To perform live cell imaging of the third instar larval brain, begin by collecting the dissected brains and the isolated fat bodies in the last well of a three well dissection dish containing the dissection and imaging medium. Place a gas permeable membrane on the back of a slide and press the split ring into the center. Using a 200 microliter micro pipette, transfer up to 10 dissected brains with maximum possible fat bodies and 130 to 140 microliters of the medium onto the center of the membrane.
Orient the brains according to the neural stem cell population to be imaged and the microscope type, ensuring the samples are close to the microscope's objective. For example, to image neural stem cells in the central brain lobes, ensure the brain lobes are closest to the objective. Then gently place a glass cover slip over the solution on the membrane to spread the solution with the brain's and fat bodies throughout the membrane.
Hold the laboratory tissue at the cover slip edge to blot excess solution until the brains touch the cover slip without being squashed.
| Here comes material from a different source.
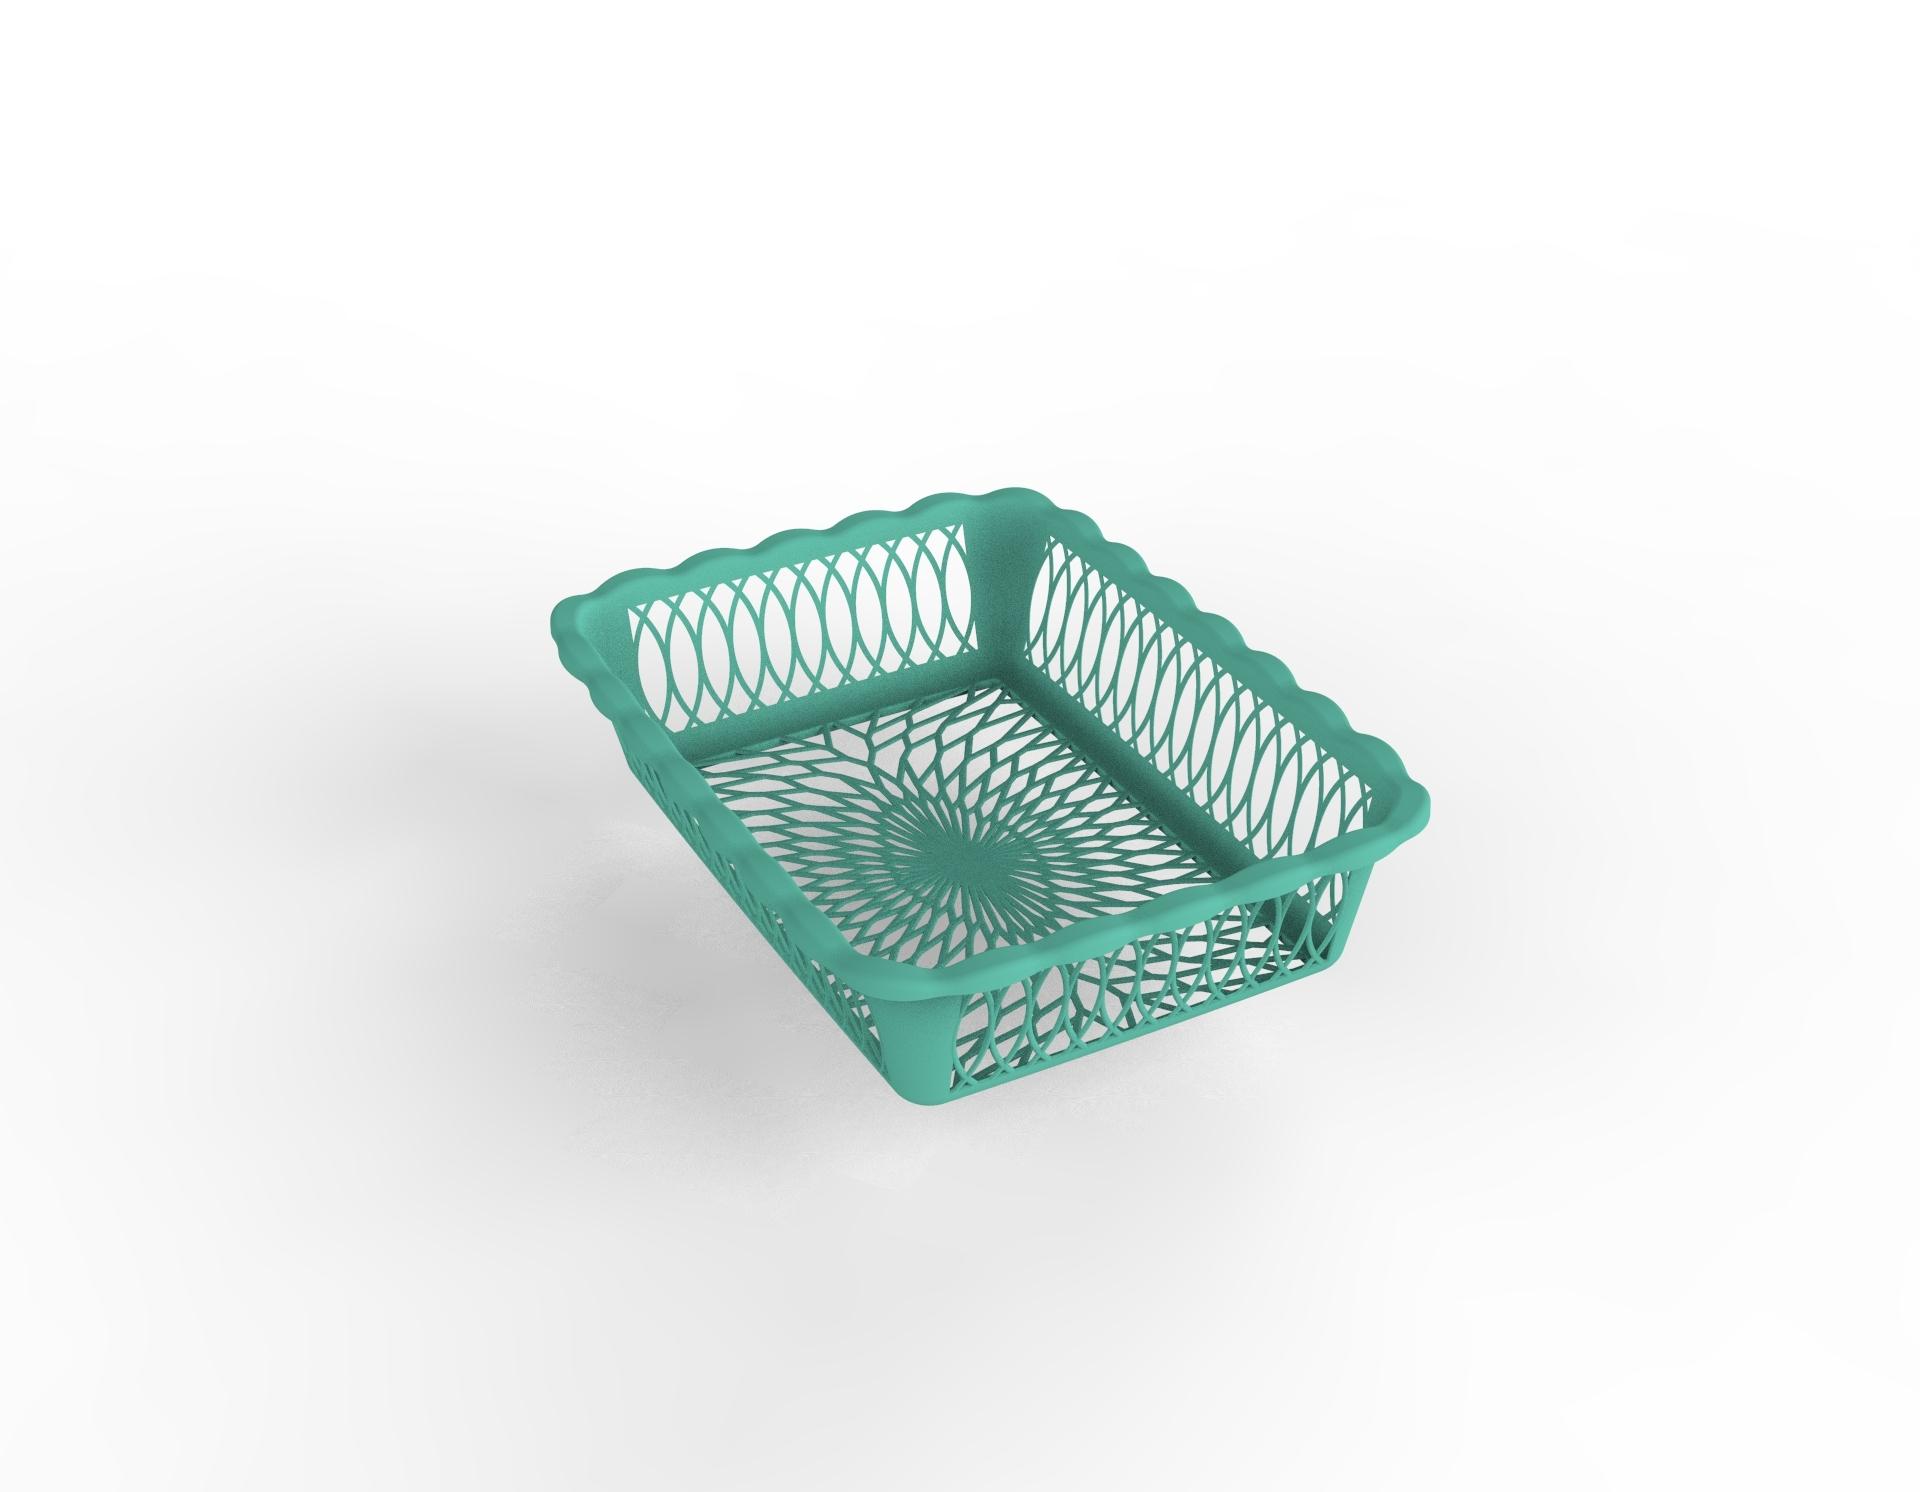 Washing Basket Plastic Mold

Next, immobilize the cover slip by applying molten petroleum jelly along its edges using a paintbrush and allow the jelly to solidify. Add 400 microliters of imaging medium to a well in a multi well micro slide.
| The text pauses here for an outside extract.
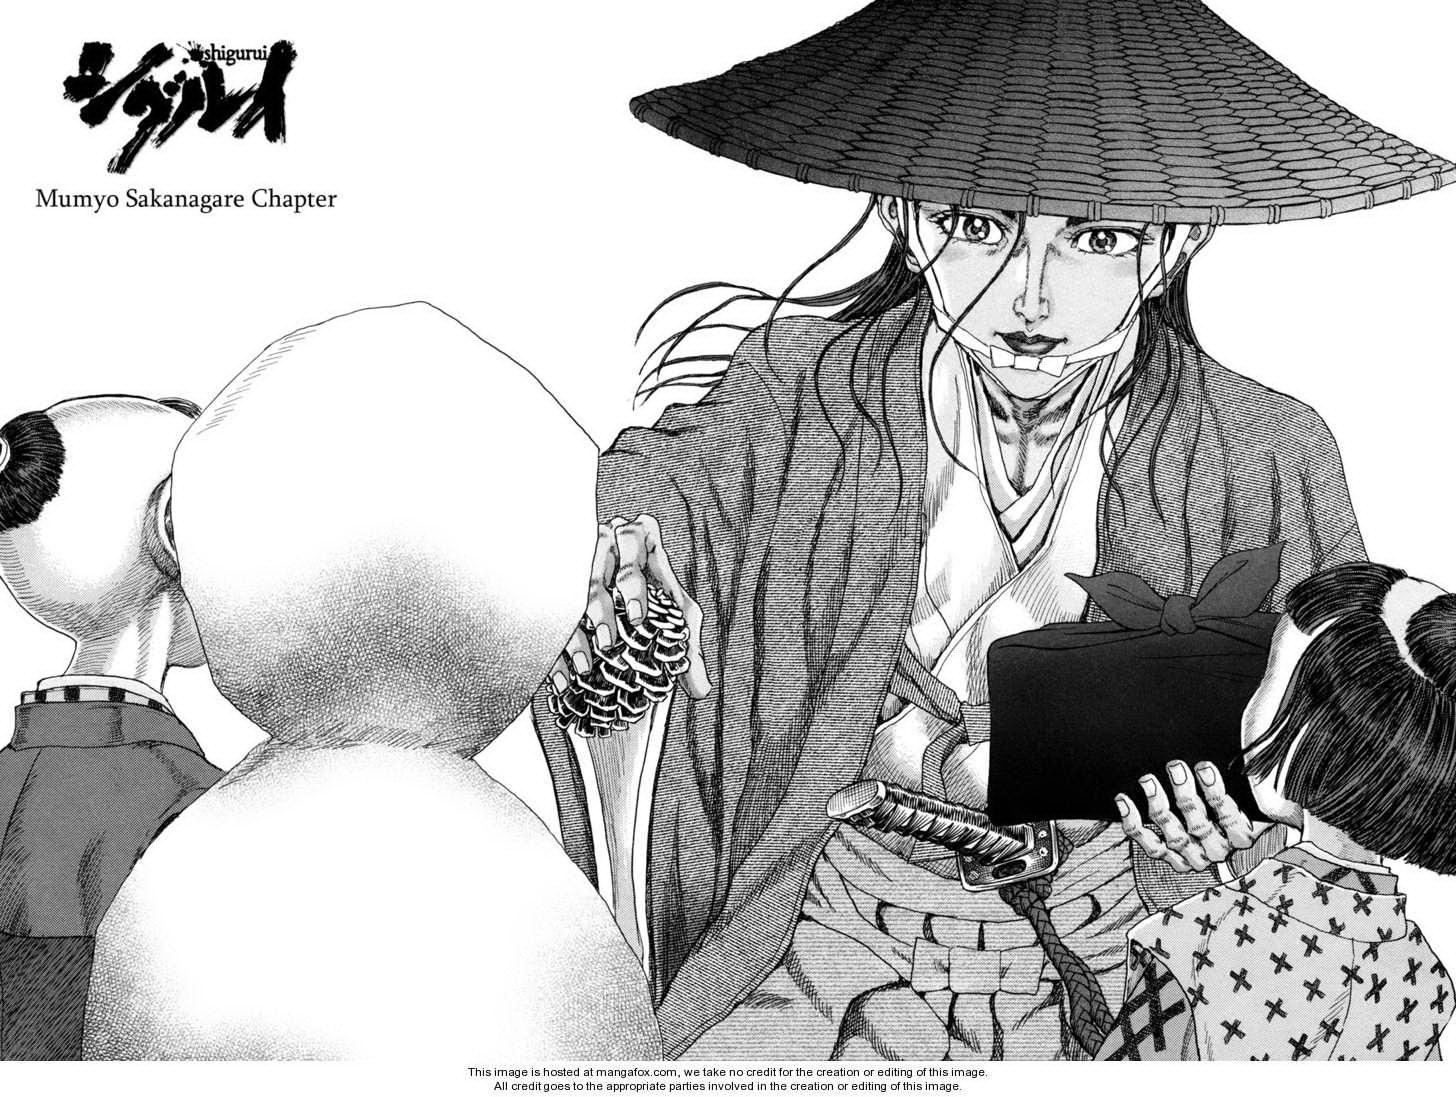 Shigurui - Cuồng Tử chap 84 - Trang 32

Transfer the previously dissected fat bodies to this well. Then, place up to 10 brains in a cluster near the center of the well. Orient the brains according to the neural stem cell population to be imaged and the microscope type.
Allow the brains to settle in the well for two to five minutes. Cover the micro slide with the slide cover before transferring it to the microscope. Start the acquisition process using the lowest laser power and exposure time to minimize photo bleaching.
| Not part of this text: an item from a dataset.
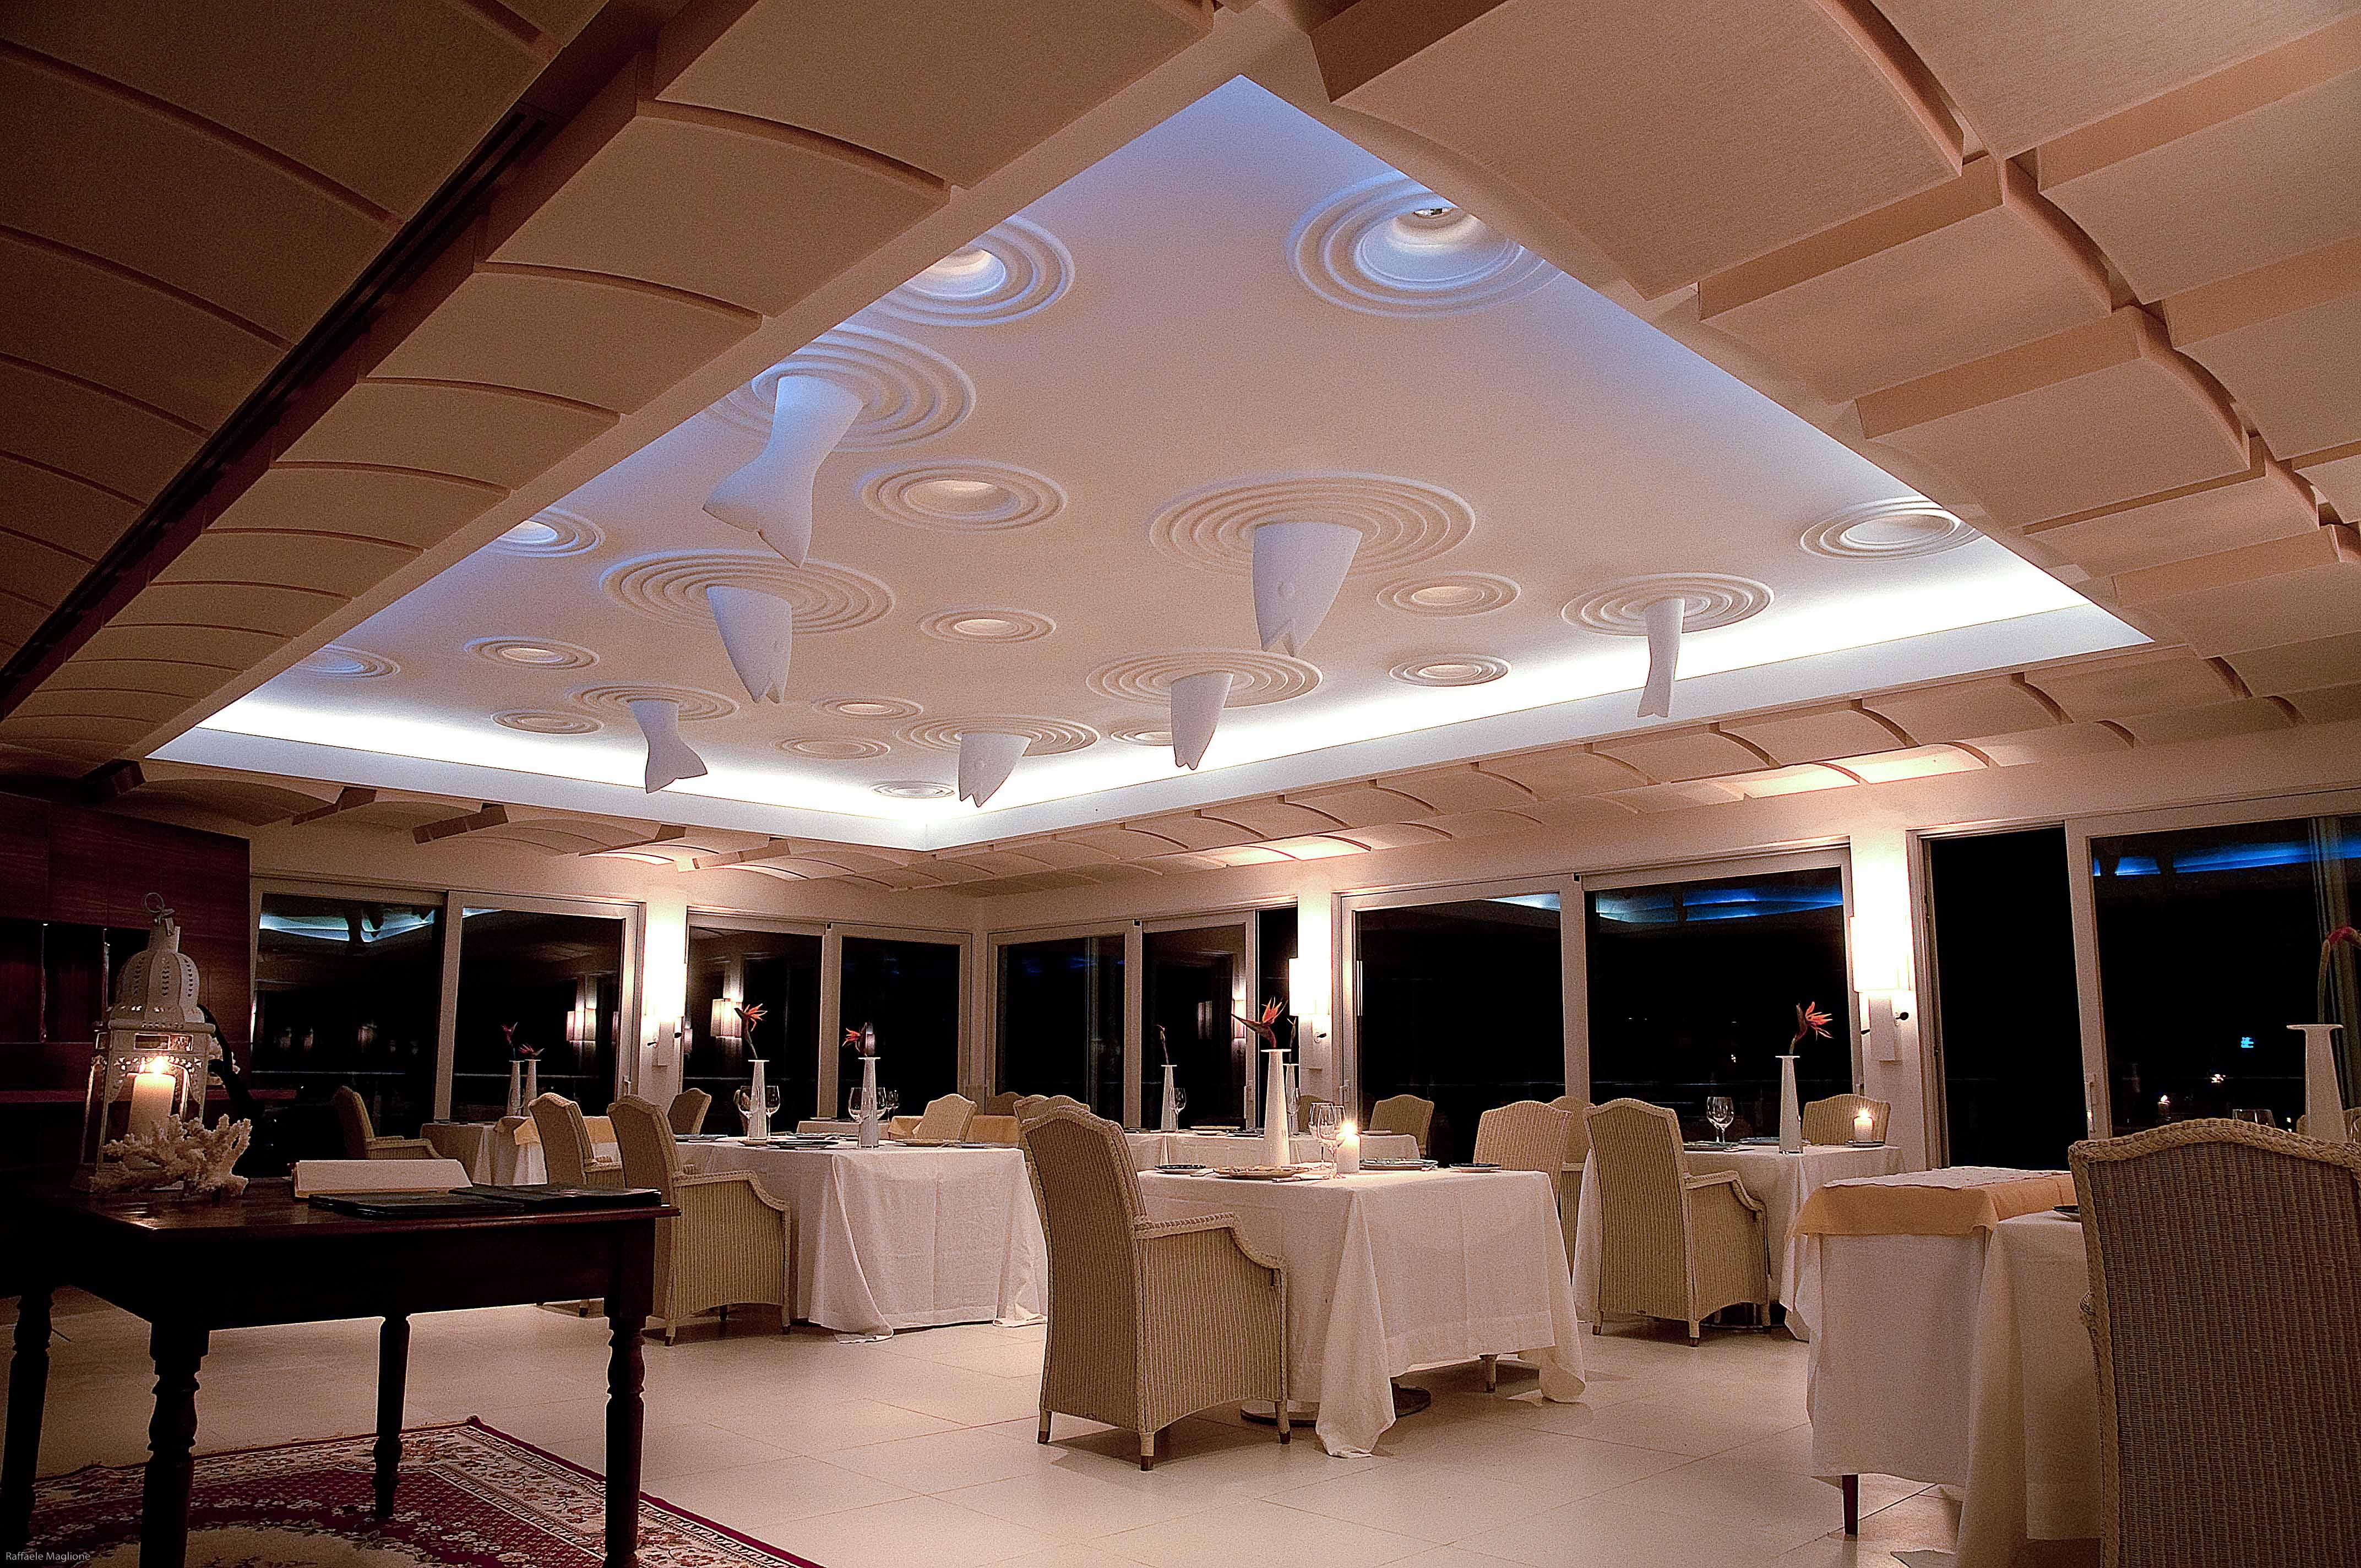 Faretti Interni Design: Galleria immagini interni energy di ...

Imaging of larval brains expressing UAS driven Cherry-Jupiter and androgynously tagged pins GFP using multi-well imaging slides and without fat body supplementation revealed that the pins formed a pronounced apical crescent in dividing neuroblasts to which the mitotic spindles consistently aligned during mitosis. In those samples, the cell cycle length increased with increasing imaging time. Samples that were imaged in a fat body supplemented medium on a membrane-bound slide did not show an increase in cell cycle length.
Furthermore, neuroblasts with four divisions were observed on the 10 hour membrane-bound slide.